Researcher choice in reporting of regression models allow for questionable research practices. Here I present a function for R that reports all possible regression models given a set of predictors and a dependent variable. I illustrate this function on two datasets of artificial data.
Automatic testing of all possible multiple
regression models given a set of predictors
12. March 2015
Emil O. W. Kirkegaard
Published in The Winnower. https://thewinnower.com/papers/automatic-testing-of-all-possible-
multiple-regression-models-given-a-set-of-predictors
Abstract
Researcher choice in reporting of regression models allow for questionable research practices. Here I
present a function for R that reports all possible regression models given a set of predictors and a
dependent variable. I illustrate this function on two datasets of artificial data.
Introduction
In an email to L.J Zigerell I wrote:
I had a look at your new paper here: rap.sagepub.com/content/2/1/2053168015570996
[Zigerell, 2015]
Generally, I agree about the problem. Pre-registration or always reporting all comparisons
are the obvious solutions. Personally, I will try to pre-register all my survey-type studies
from now on. The second is problematic in that there are sometimes quite a lot of ways to
test a given hypothesis or estimate an effect with a dataset, your paper mentions a few. In
many cases, it may not be easy for the researcher to report all of them by doing the analyses
manually. I see two solutions: 1) tools for making automatic comparisons of all test
methods, and 2) sampling of test methods. The first is preferable if it can be done, and
when it cannot, one can fall back to the second. This is not a complete fix because there
may be ways to estimate an effect using a dataset that the researcher did not even think of.

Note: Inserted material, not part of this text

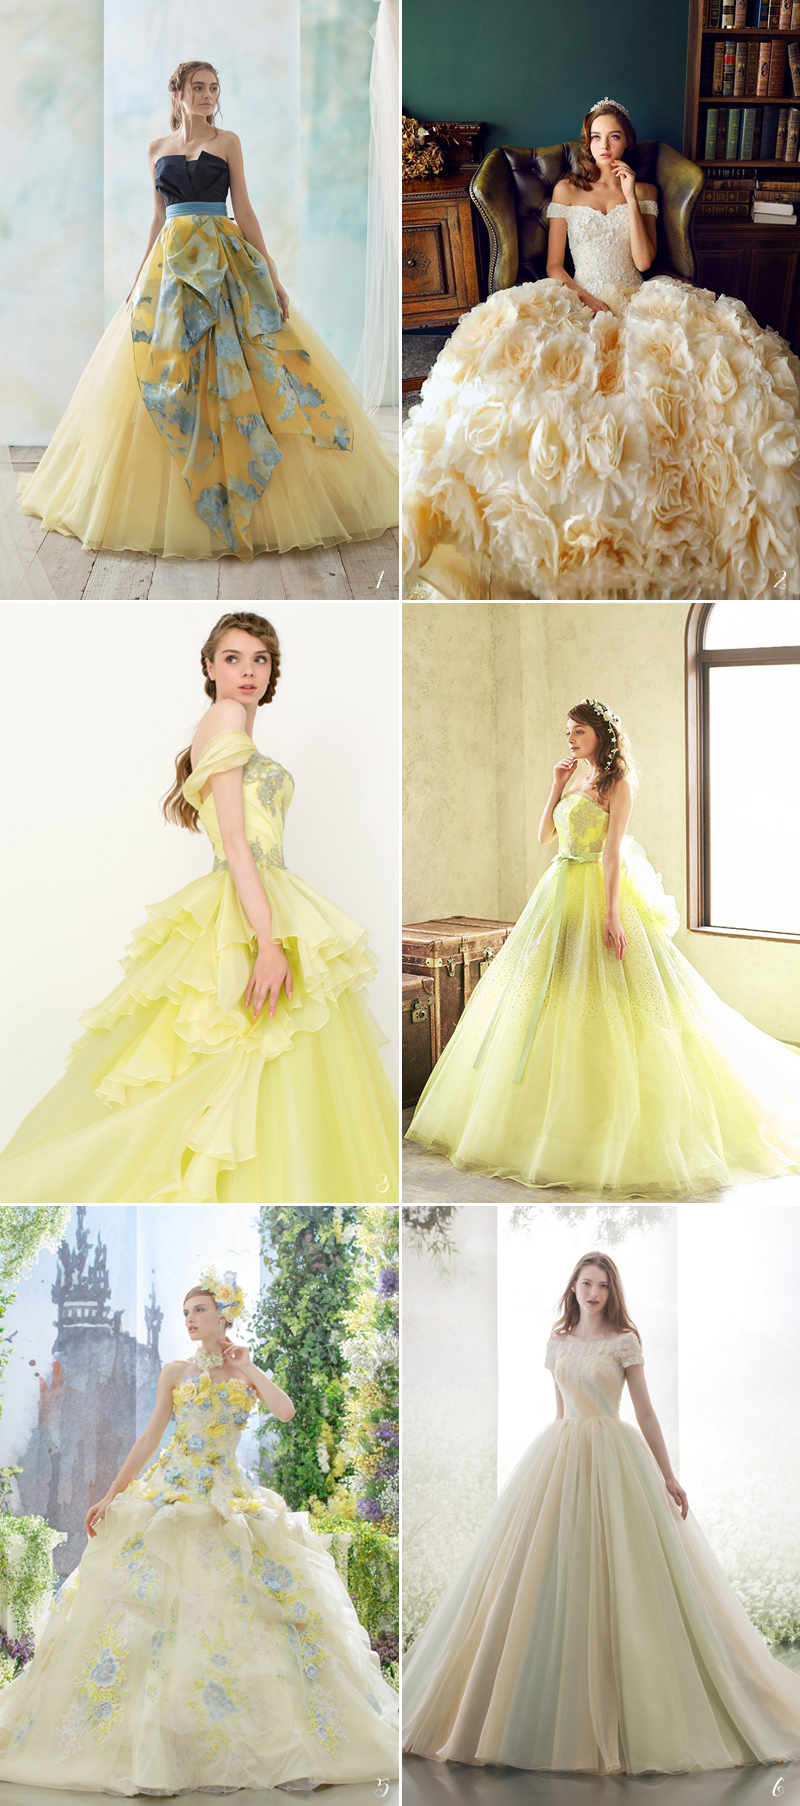 42 Fairy Tale Wedding Dresses For The Disney Princess Bride! - Praise

If the dataset is not open, there is no way for others to conduct such tests. Open data is
necessary.
I have one idea for how to make an automatic comparison of all possible ways to analyze
data. In your working paper, you report only two regression models (Table 1). One
controlling for 3 and one for 6 variables in MR. However, given the choice of these 6
variables, there are 2^6-1 (63) ways to run the MR analysis (the 64th is the empty model, I
guess which could be used to estimate the intercept but nothing else). You could have tried
all of them, and reported only the ones that gave the result you wanted (in line with the
argument in your paper above). I’m not saying you did this of course, but it is possible.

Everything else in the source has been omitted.